KeywordsInner core boundary Topography PKiKP Finite difference modeling
The inner core boundary (ICB) is one of the vital regions for understanding the Earth’s core dynamics (Loper and Roberts 1981; Loper 1983; Bergman and Fearn 1994; Shimizu et al. 2005; Deguen et al. 2007; Sumita and Bergman 2009; Deguen 2012). Seismological studies of the ICB and its inferred characteristics, such as the density jump between the inner and the outer cores, the shear-wave velocity at the top of the inner core, and scattering of seismic energy from small-scale topography at the inner core surface, are important in elucidating the growth mechanism of the inner core and the source of the geodynamo (Souriau 2007; Sumita and Bergman 2009; Deuss 2014; Tkalčić 2015).
The hypothesis of a hemispherical structure in the upper inner core (Tanaka and Hamaguchi 1997) has been widely accepted because it is supported by seismic observations of body waves and free oscillations (Creager 1999; Deuss et al. 2010). Hemispherical dichotomy is recognized as a global phenomenon near the ICB (Niu and Wen 2001; Waszek et al. 2011) and possibly near the center of the inner core (Lythgoe et al. 2014). To explain the hemispherical structure of the inner core, two models have been proposed: a large-scale asymmetric flow in the outer core (Sumita and Olson 1999; Aubert et al. 2008; Gubbins et al. 2011) and translational convection in the inner core (Alboussiere et al. 2010; Monnereau et al. 2010). The nature of these models is that they allow diametrically opposite scenarios of freezing and melting, i.e., one of the two hemispheres solidifies faster than the other. This has raised further questions about whether the surface of the inner core in the eastern hemisphere is melting or freezing. Although translational convection models predict that the eastern hemisphere is melting, outer-core large asymmetric flow models disagree about which hemisphere is melting, due to the problem setting, e.g., heat flux at the core–mantle boundary (CMB) and outer core dynamics.
The new era of modern instruments, dense networks, and improved global coverage enables observation of a large number of PKiKP and PcP phases on the same seismogram. For example, Koper et al. (2003) analyzed a significant number of PKiKP phases at shorter distances recorded by small aperture arrays of the International Monitoring System. This study was followed by a large number of new studies (Cao and Romanowicz 2004; Koper et al. 2004; Koper and Pyle 2004; Poupinet and Kennett 2004; Koper and Dombrovskaya 2005; Krasnoshchekov et al. 2005; Leyton et al. 2005; Kawakatsu 2006; Leyton and Koper 2007a, b; Peng et al. 2008).
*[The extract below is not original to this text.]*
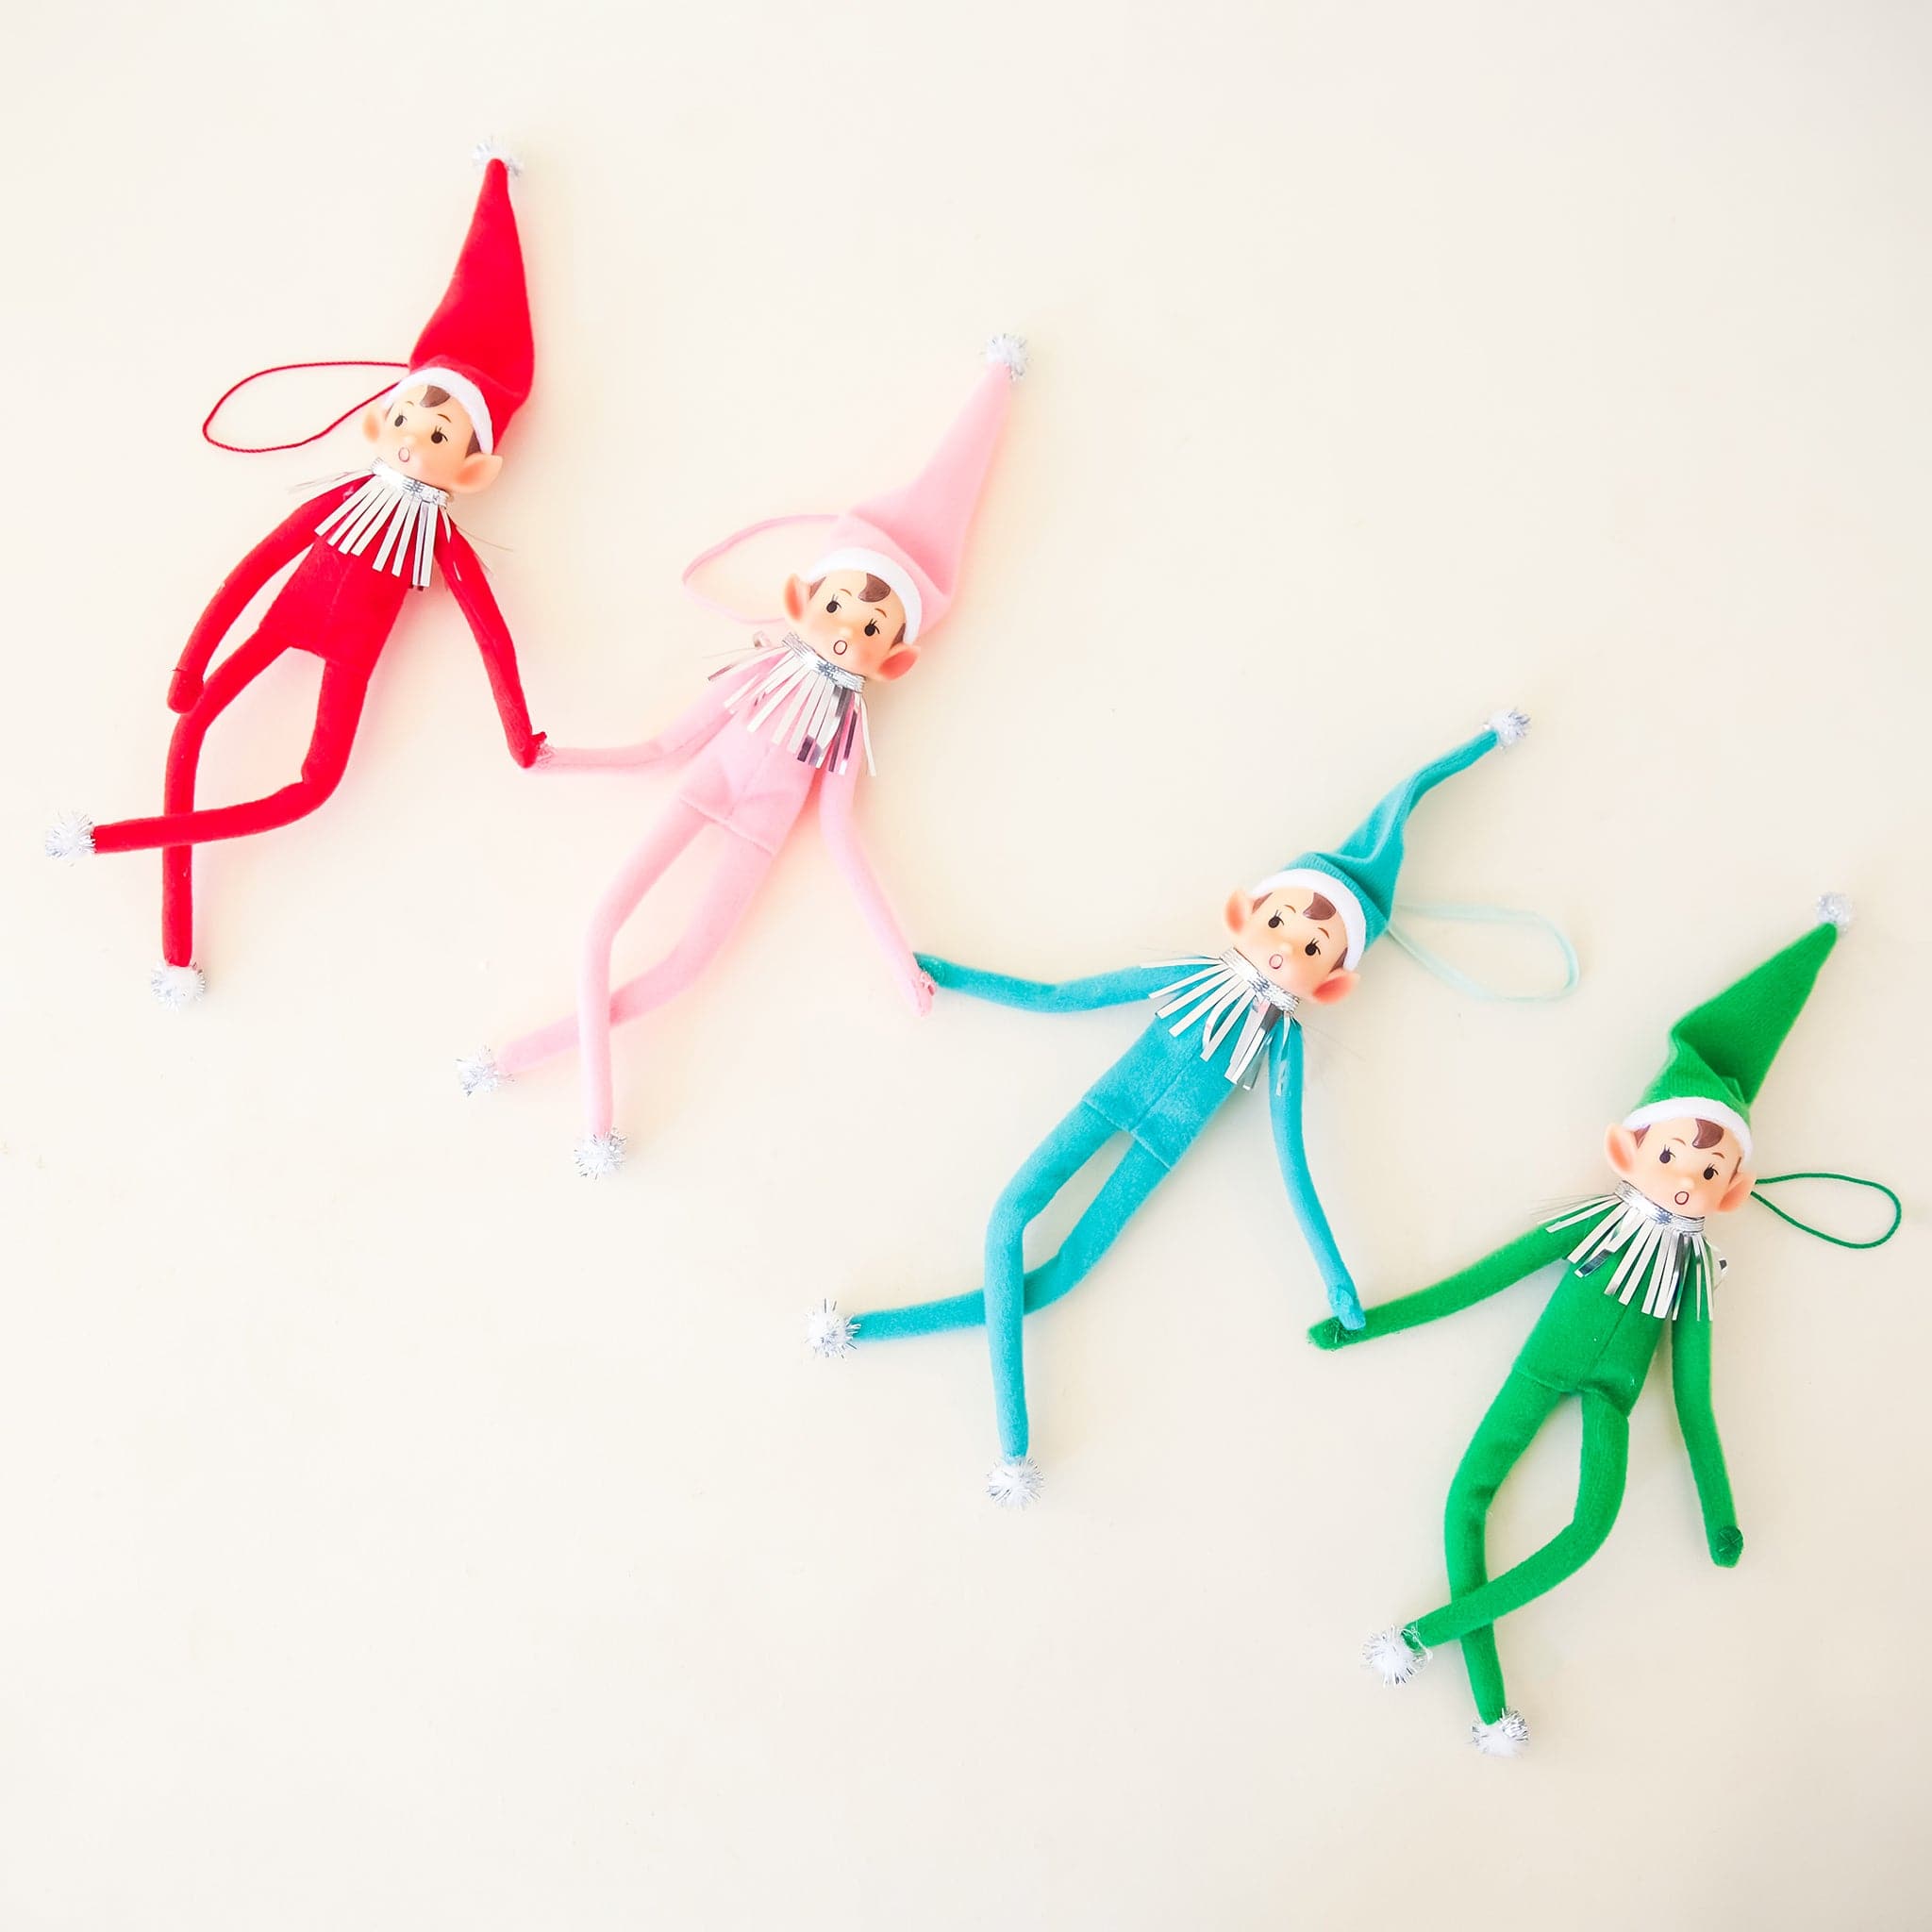 On a cream background is a teal elf ornament with bendy arms and legs and a teal loop for hanging and photographed next to the other three available colors, red, green and pink.

More specifically, Koper and Pyle (2004) measured PKiKP/PcP amplitude ratios from seismograms filtered between 1 and 3 Hz. Their analysis did not reveal any differences between the eastern and western hemispheres of the inner core. Using phases from a Mariana event observed in Japan, whose raypaths sampled the ICB beneath the western Pacific, Kawakatsu (2006) found little scattering energy in the PKiKP coda. However, Leyton and Koper (2007b) analyzed the coda of PKiKP and suggested the existence of small-scale heterogeneities in the uppermost inner core. This result indicates that the strong scattering region is located beneath the Pacific Ocean and Asia, which covers parts of the eastern and western hemispheres. On the basis of scattering properties and Q structure, Cormier (2007) inferred textural differences between the eastern and western hemispheres near the surface of the inner core, including vertically oriented structures in the eastern hemisphere.
Interestingly, the existence of a high-frequency PKiKP phase (up to 5 Hz) with steep incidence angles at the ICB was first observed by Poupinet and Kennett (2004) using phases recorded by narrow-aperture arrays and temporal broadband networks on the Australian continent, whose reflection points were in the eastern hemisphere. Recently, the same class of PKiKP waves was observed in the eastern hemisphere on Chinese and Japanese short-period and broadband stations (J-array) (Tkalčić et al., 2009, 2010) and by the high-sensitivity seismograph network (Hi-net) in Japan (Dai et al. 2012, Jiang and Zhao 2012).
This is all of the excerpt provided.